Inside the Making of Fox TV's "So You Think You Can Dance"
Chances are, you’ve been watching “So You Think You Can Dance” since its premiere July 20 on Fox, but DS has the inside scoop on what it really took for these dancers to make it to Hollywood. Producers saw more than 2,000 hopefuls in eight U.S. cities, and invited dancers to callbacks in NYC, L.A. and Chicago, where open auditions were also held.
In NYC, DS sat in on a Broadway Dance Center private audition, where students performed solos in their chosen dance form. Only 150 dancers out of about a thousand, both from the BDC audition and the NYC open call, were asked to return to the callback.
According to dancer Amy Ryerson, who performed a contemporary/modern solo, the callback lasted for 16 grueling hours, during which judges whittled the group to 20 finalists. Dancers had to freestyle to hip-hop music for the first cut. Because Ryerson heard that judges weren’t impressed by high kicks and leaps in the freestyle round, she danced like she was in a club. “It was funny, because I had a lyrical costume on,” she says. “Somehow, I stayed to the next round.”
Next, dancers performed prepared solos and were interviewed. They didn’t begin learning choreography until nearly 10 pm (the day began at 8:30 am), at which point they learned one salsa dance and one hip-hop routine, Ryerson says. She was put on a “short list” of about 20 potential finalists, pending results of L.A. auditions. Only eight dancers from the NYC short list (Ryerson was not one of them) were eventually selected to join winners from L.A. and Chicago to comprise the 50-person cast.
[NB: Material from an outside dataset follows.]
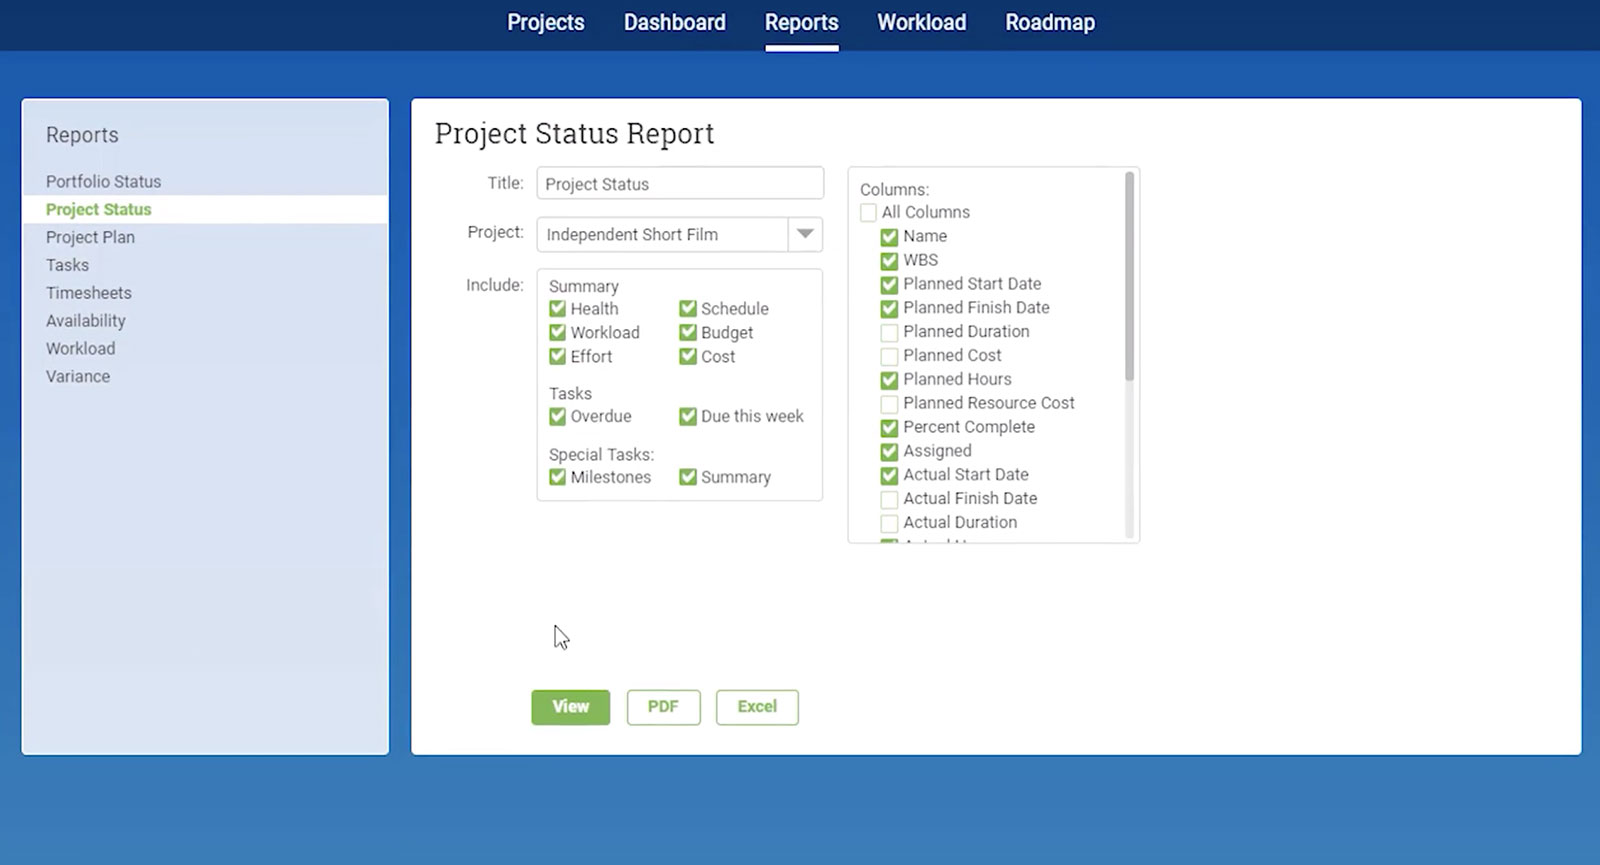 project status report screenshot in projectmanager.com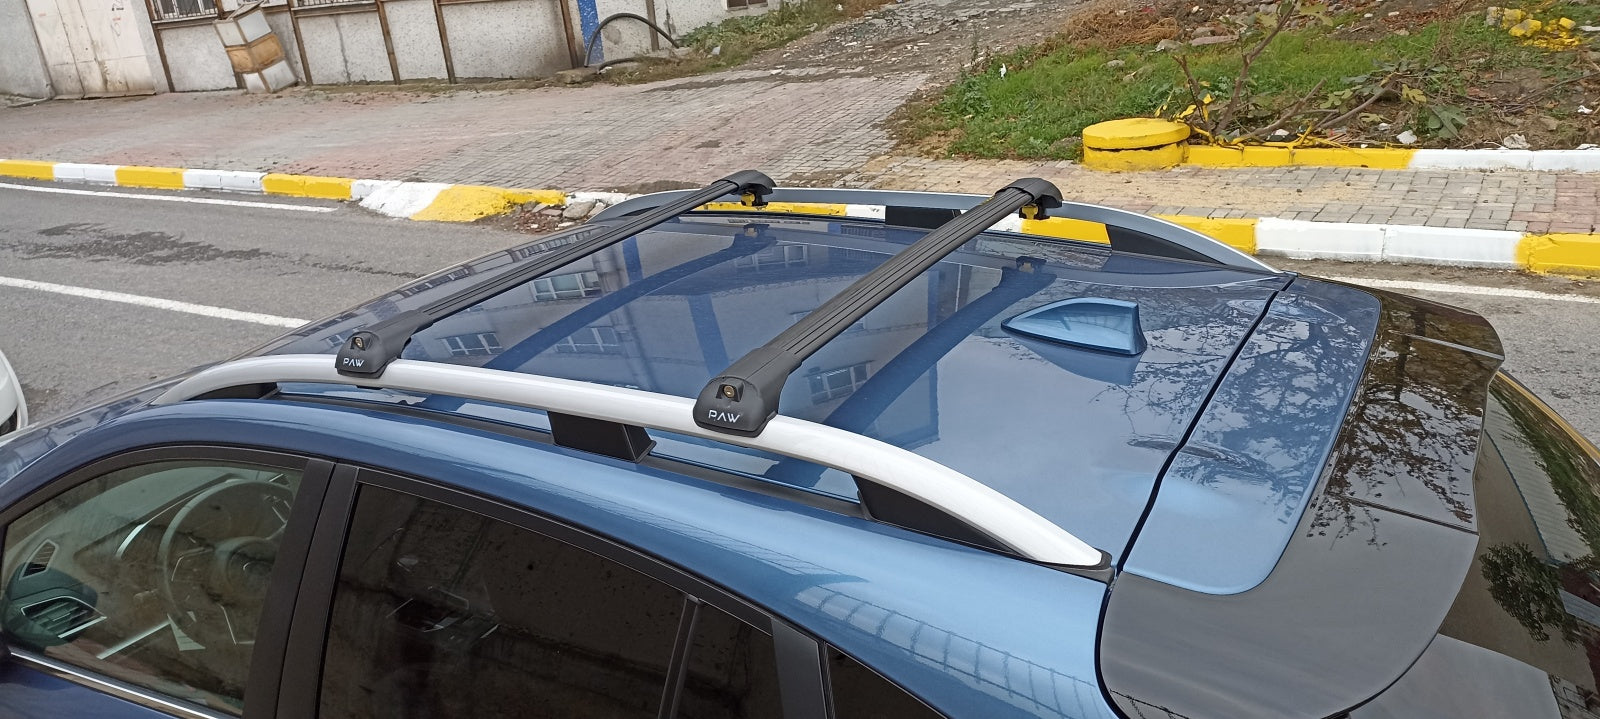 For Dacia Sandero Stepway 2007-2012 Roof Rack System, Aluminium Cross Bar, Metal Bracket, Lockable, Black

Executive Producer Nigel Lythgoe, who also produces “American Idol,” explains that the final 50 were not simply the best dancers in the country. “They [were] cast so that [we had] breakers, hip-hop dancers, ballet dancers, lyrical jazz dancers, Irish dancers and tap dancers,” he says. “It’s a question of, so you think you can dance? Well, let’s try you out with other styles.”
The original 50 split into groups of 10 to work with each of the five choreographers/judges—Brian Friedman, Dan Karaty, Alex Da Silva, Mary Murphy and Mia Michaels. Former DS cover boy Friedman doled out a sampling of his most intricate choreography. “I’m a very demanding teacher,” he says. “I like everything to be clean, precise and detail-oriented. If [a dancer’s] eyebrow is supposed to be up, it better be up.”Friedman was impressed with the diversity and talent on the show: He plans to hire some of the dancers for future projects, but declined to name names.
For the finale slated to air September 28, the final four dancers (two boys and two girls) must perform alone, with each other and as a group, in addition to improvising. Lythgoe is looking for “America’s most versatile dancer, with personality” to receive the grand prize of $100,000 and an apartment in NYC for one year, though it’s not up to him. The decision ultimately lies with the viewers, whose only chance to vote is on the final episode.